* **AIM OF THE TASK**:
Please transcribe the data that follows without the pictures, keeping every word the same.

* **EXERCISE DATA**:

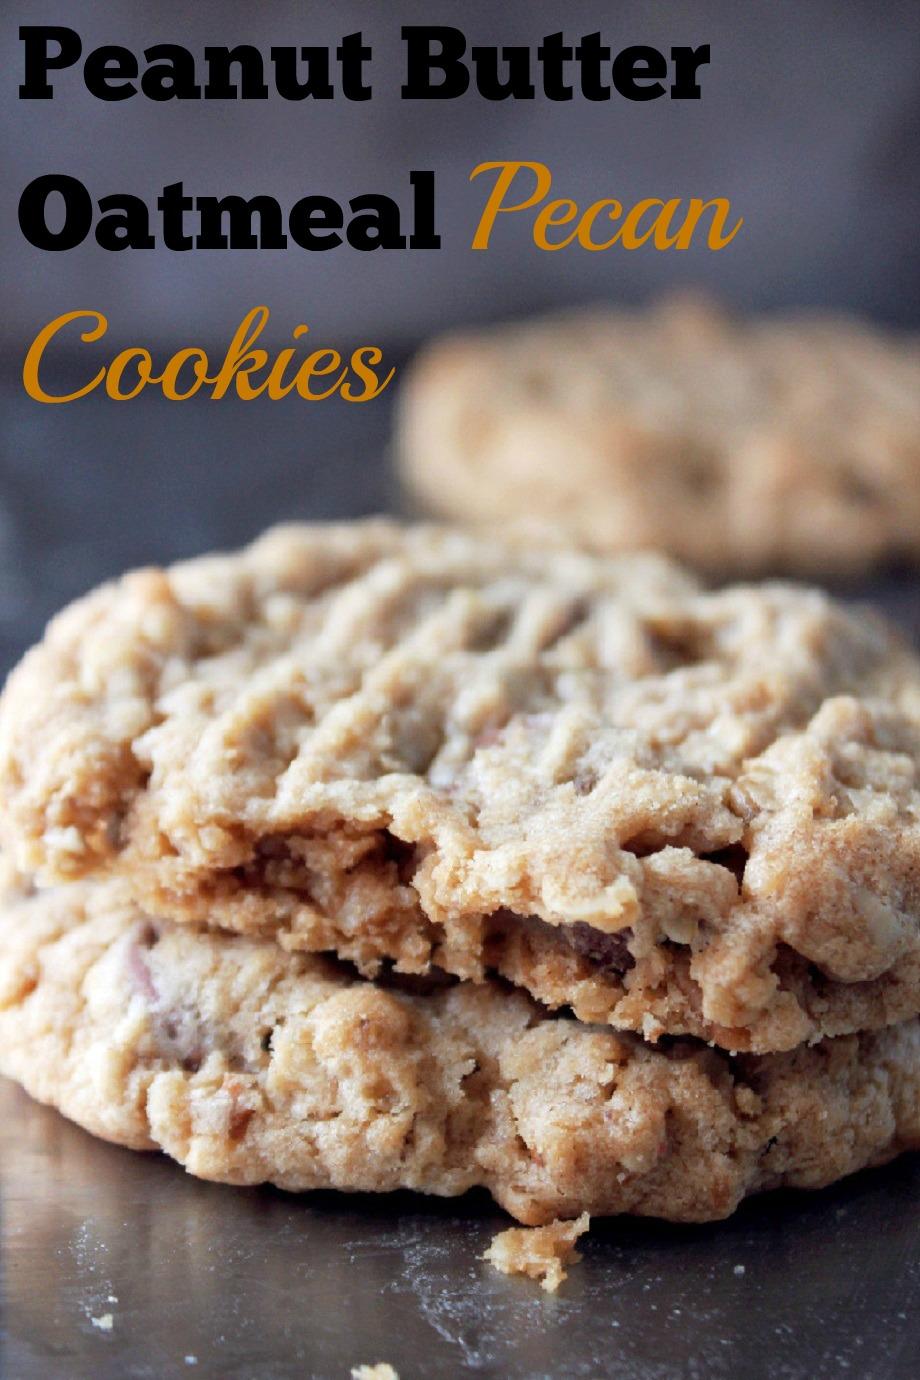 Peanut Butter Oatmeal Pecan Cookies - Creole Contessa
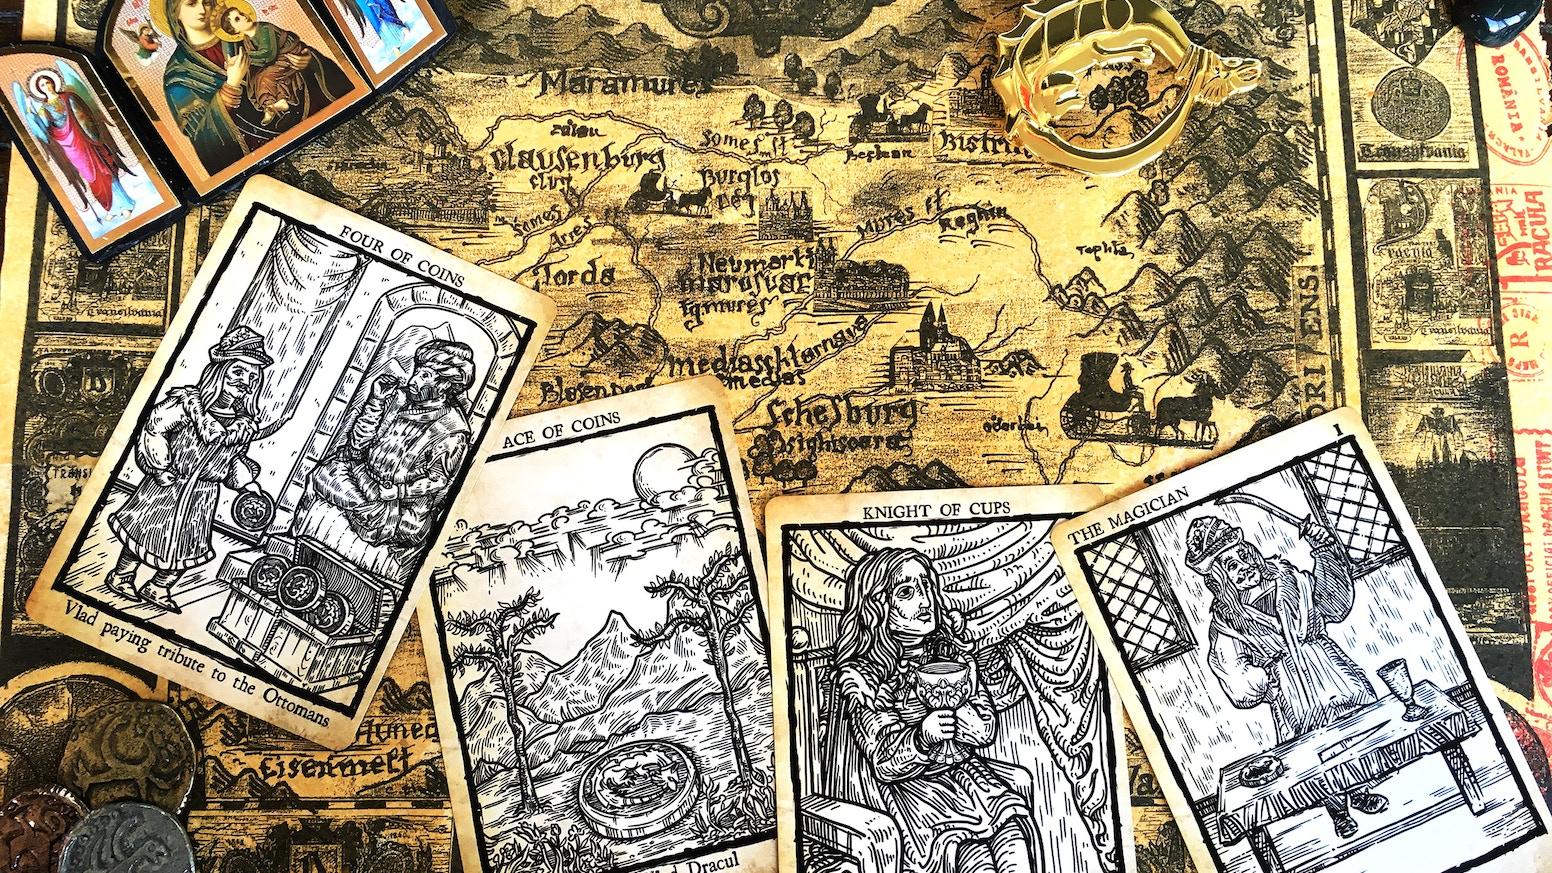 A 78-card Tarot deck based on the life of Vlad the Impaler, the medieval ruler who inspired Bram Stoker's legendary vampire.
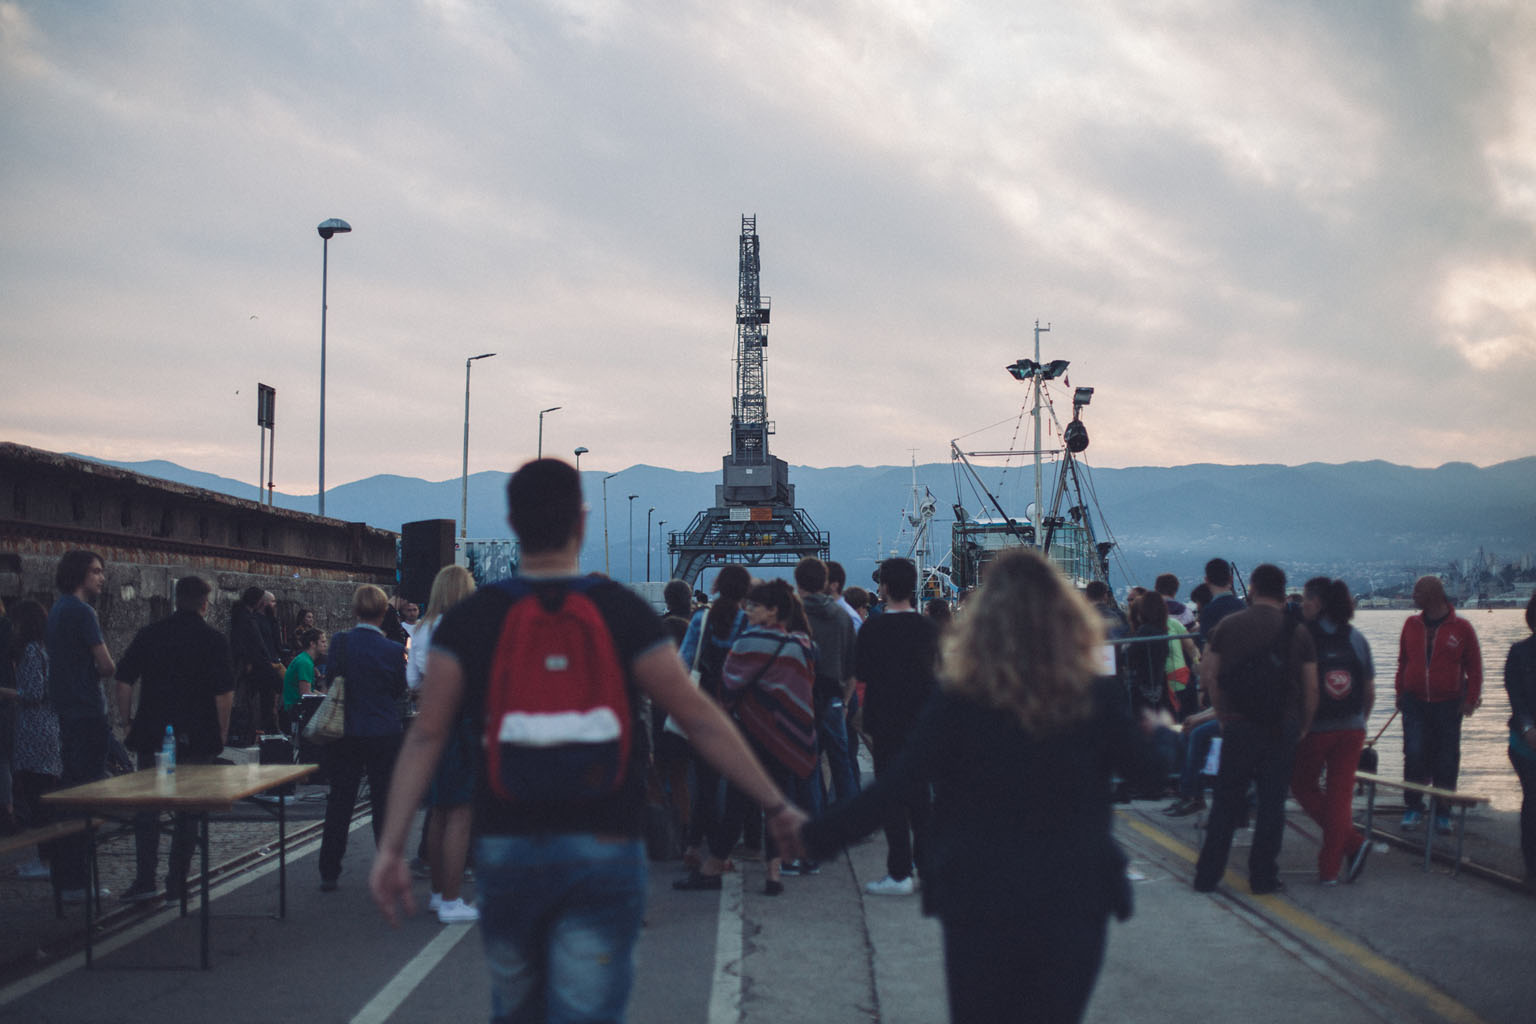 Gledaj (u)druge_Festival (183)
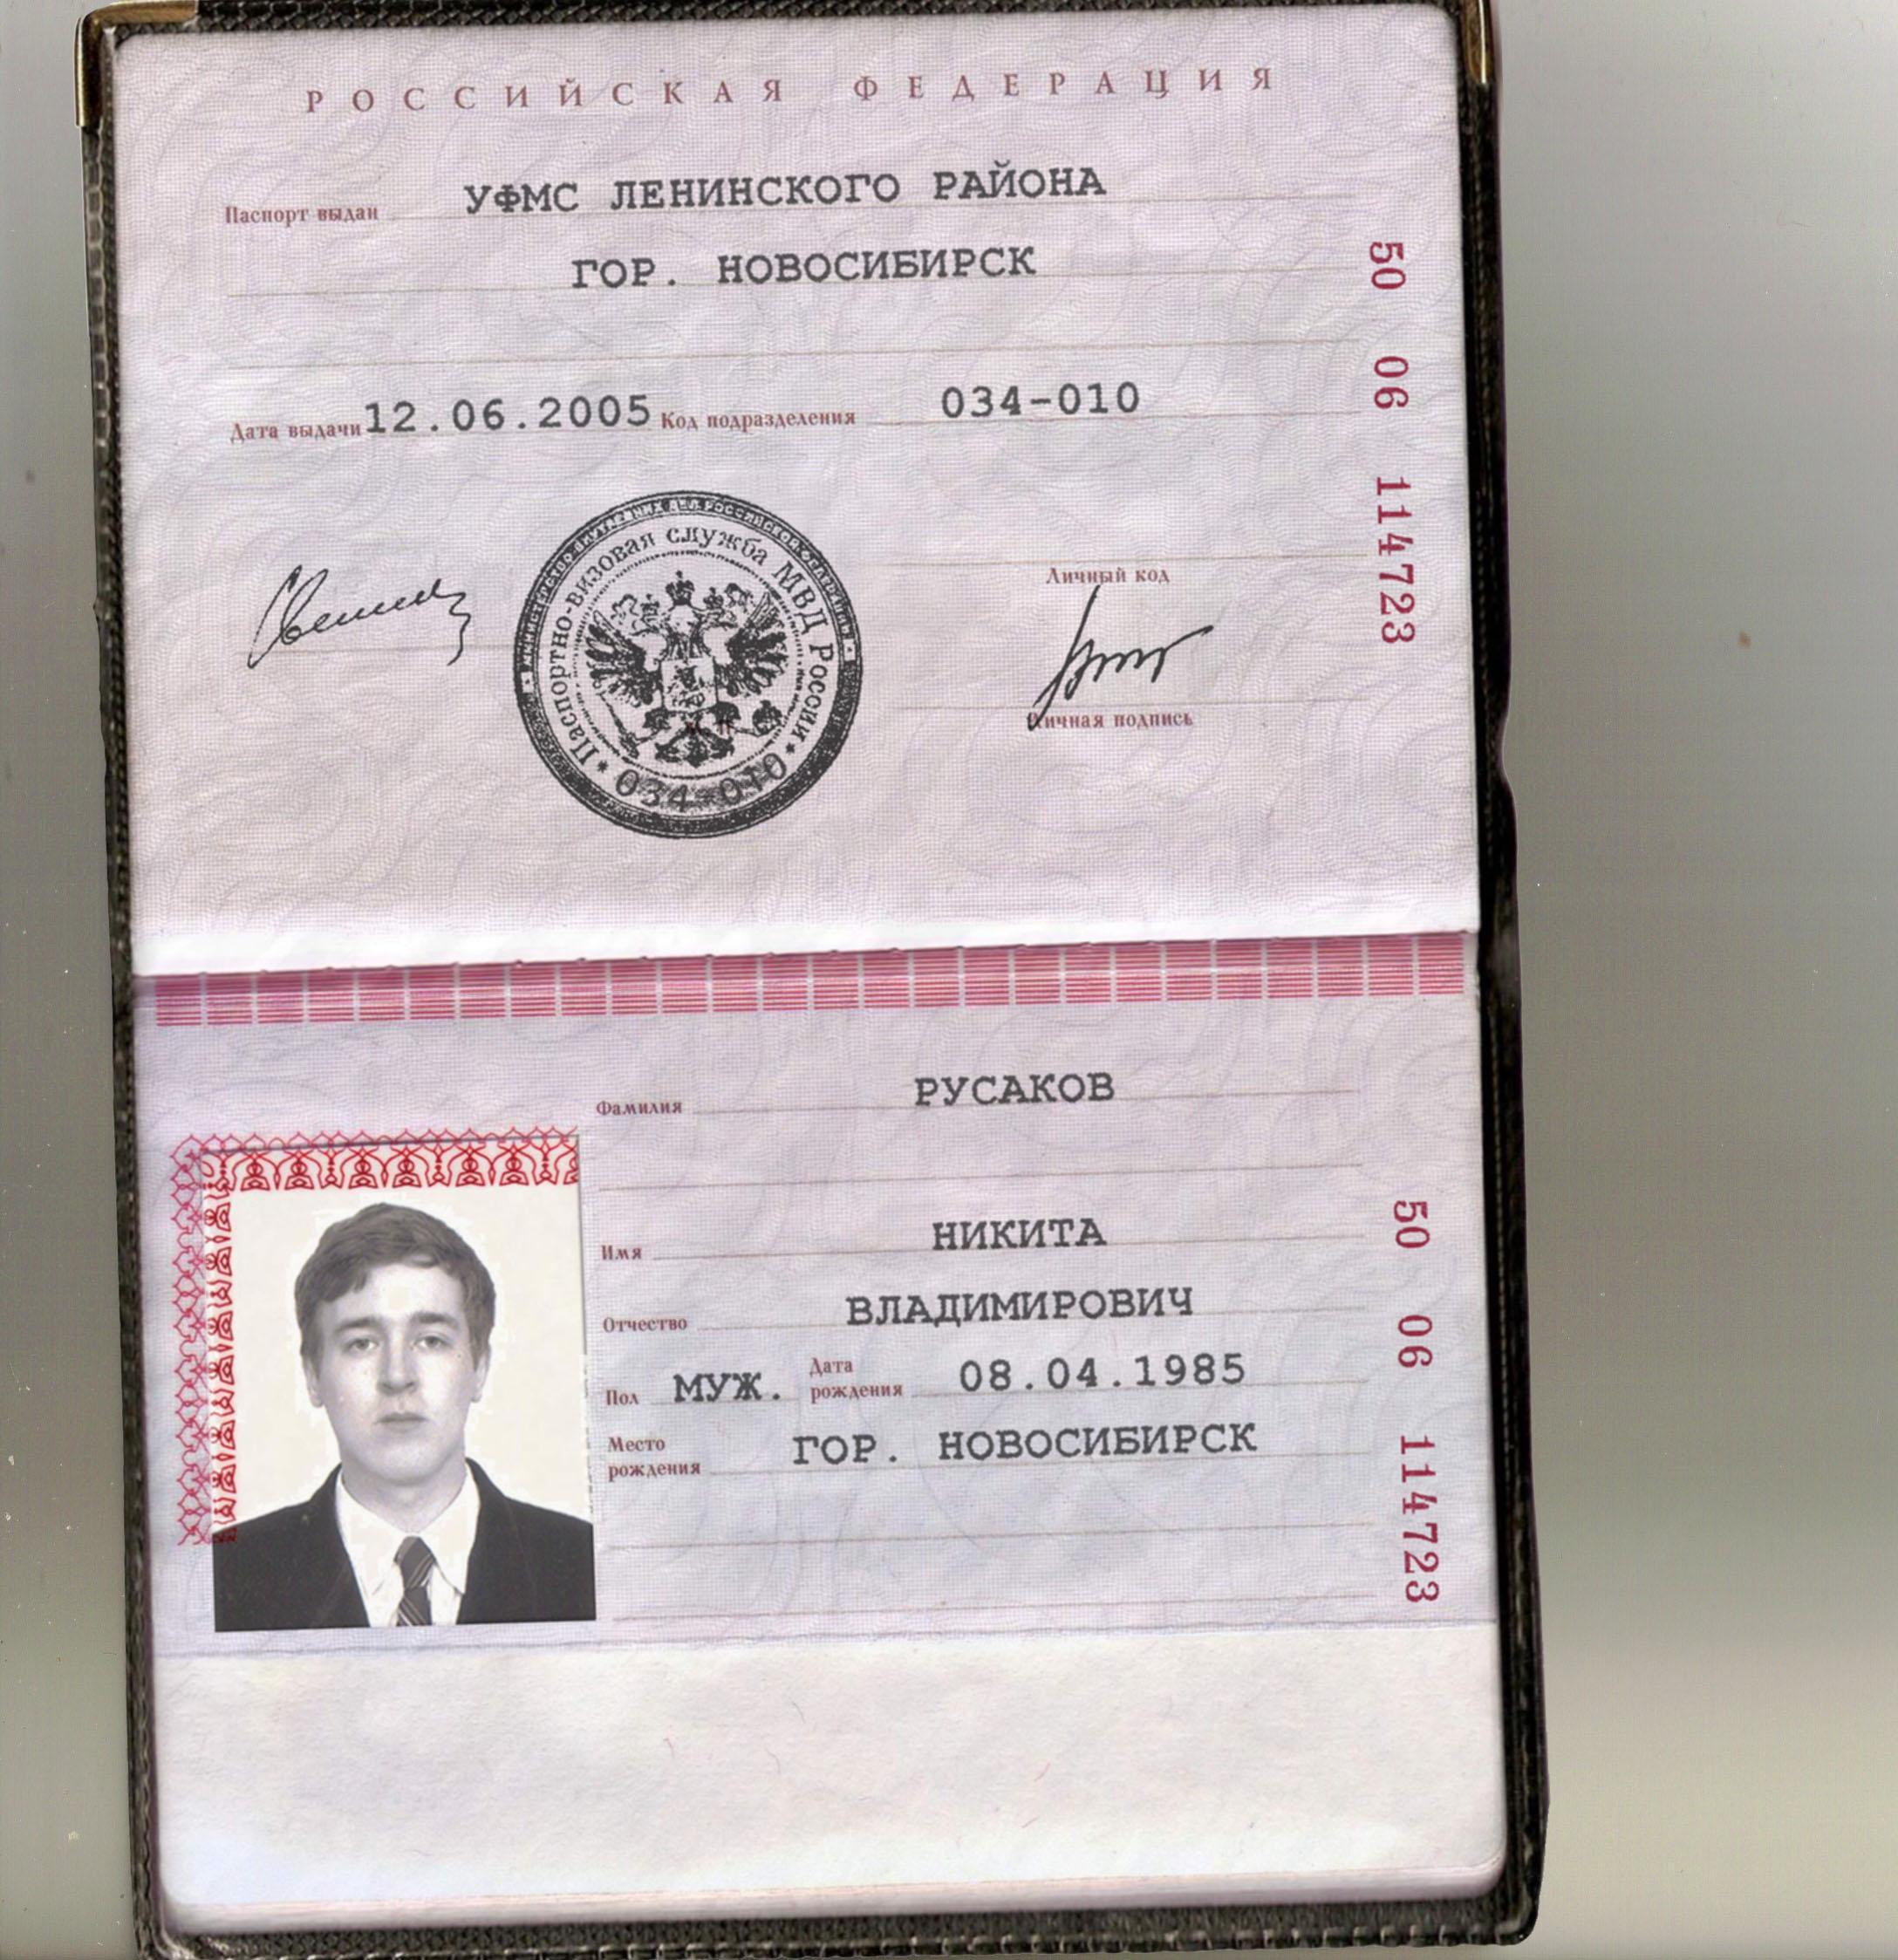 Оформление загранпаспорта в Объединенном Визовом Центре

* **RESPONSE TO THE EXERCISE**:
 Peanut Butter Oatmeal Pecan Cookies - Creole Contessa
 A 78-card Tarot deck based on the life of Vlad the Impaler, the medieval ruler who inspired Bram Stoker's legendary vampire.
 Gledaj (u)druge_Festival (183)
 Оформление загранпаспорта в Объединенном Визовом Центре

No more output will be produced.